Christopher and I were seated on a hospital bed. We looked at least a decade younger. I was in a gown, my hair greasy and disheveled. We were both forcing smiles, but there was an unmistakable grief behind them. Our eyes were bloodshot and puffy. In my arms, I was cradling an infant, swaddled in a baby-blue blanket. Though he was obviously a newborn, he had a full head of jet-black hair. His skin was solid gray. He looked eerily still, even in a photograph.

“Mom?” a voice called from behind me. I hadn’t heard Erica come back downstairs.

“Sweetie,” I said as I raised the photograph. My voice broke as tears streamed down my face. “What is this?”

Erica carefully stepped closer. “You know what it is, Mom.” She reached out and gently grasped my shoulder to comfort me. I jerked away and threw the picture against the wall. The glass shattered and scattered across the floor as the frame landed face down once again.

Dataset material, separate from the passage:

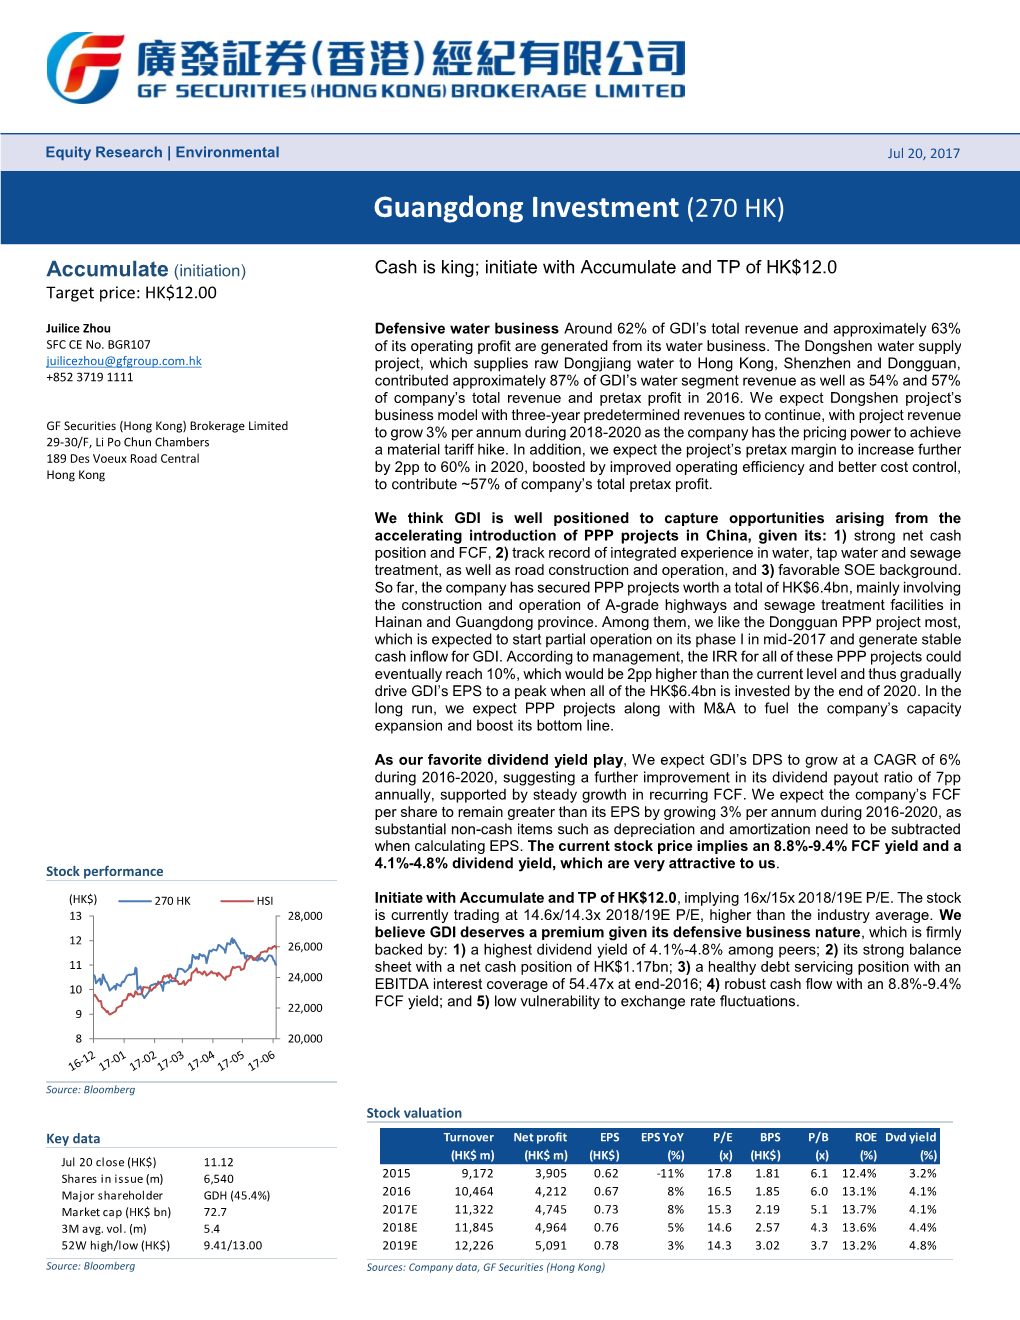 Guangdong Investment (270 HK)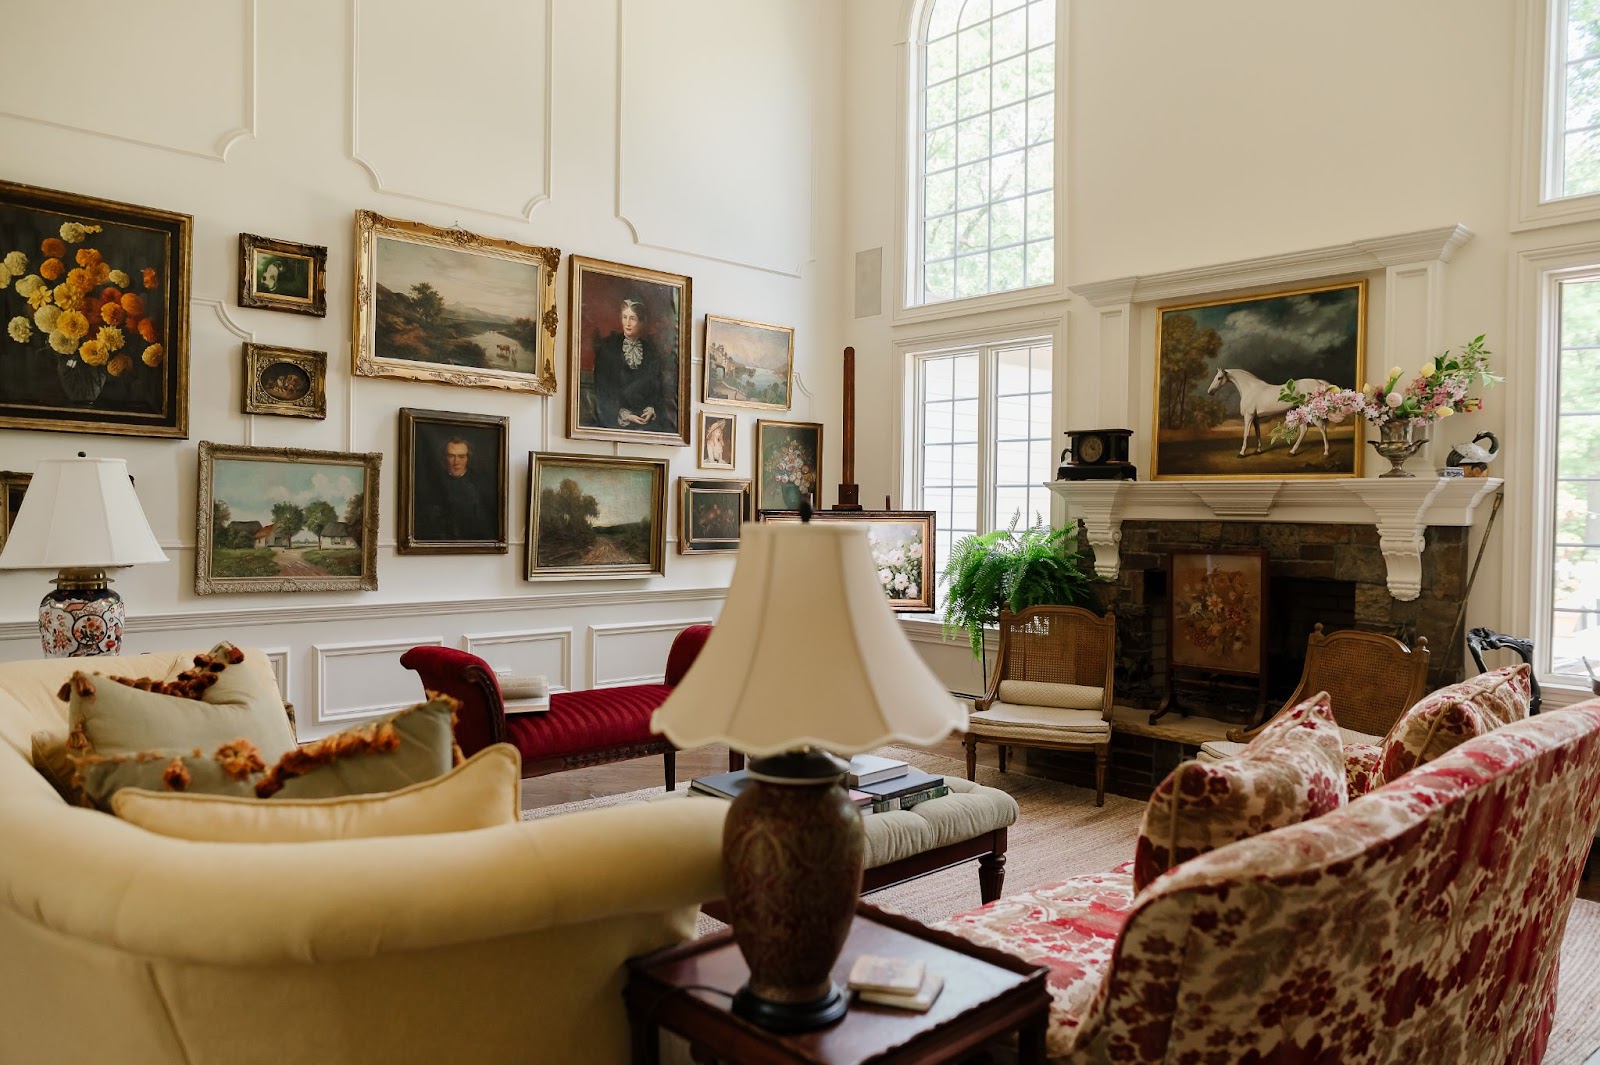 A high-ceiling and nicely appointed living room with palladian windows and warm white walls features a collection of beautifully framed wall art including portraits, equestrian scenes and landscapes.

I stood atop the debris and pointed a shaking finger at the floor. “That isn’t us. That never happened.”

“You need to look at it, Mom. I think… I think it might help you.”

I brought myself to the floor, sitting on broken glass and crying while my daughter held me. I contemplated turning the picture over and taking another look, but my tears were coming too quickly for me to see anything anyway. After more than an hour, my tear ducts were empty and I had finally regained control of my breathing. Erica and I hadn’t spoken another word.

“I don’t want to look at it. I want to go. Can we go?” I begged.

“Yeah,” Erica said. “Yeah, Mom. We can go.”

As she stood up and offered to help me to my feet, I took one last glance at the picture frame that I couldn’t bring myself to turn over. The dust cover that held the photograph in place behind the glass had become dislodged from the frame, presumably in the impact with the wall. Something was peeking out from behind it - a small piece of paper, red and white. I grasped the corner of it, careful not to embed any glass shards in my hand. The paper was smooth and waxy. I slid it out from between the photograph and the dust cover. A white card with red flourishes. Two figures that looked like Cupid - that looked like Alex - faced one another. I laughed. I laughed and I laughed until I could hardly breathe, while Erica stood completely still. She seemed afraid and clearly didn’t know how to react.

“Mom?” she said sheepishly. “Are you okay?”

I fell onto my back and held the card up high above me, continuing to examine the cherubim printed on the back as my hearty laughter faded into stifled giggles. Erica peered down at me from above.

“Look closely,” I said. “It’s the Queen of Hearts, isn’t it?”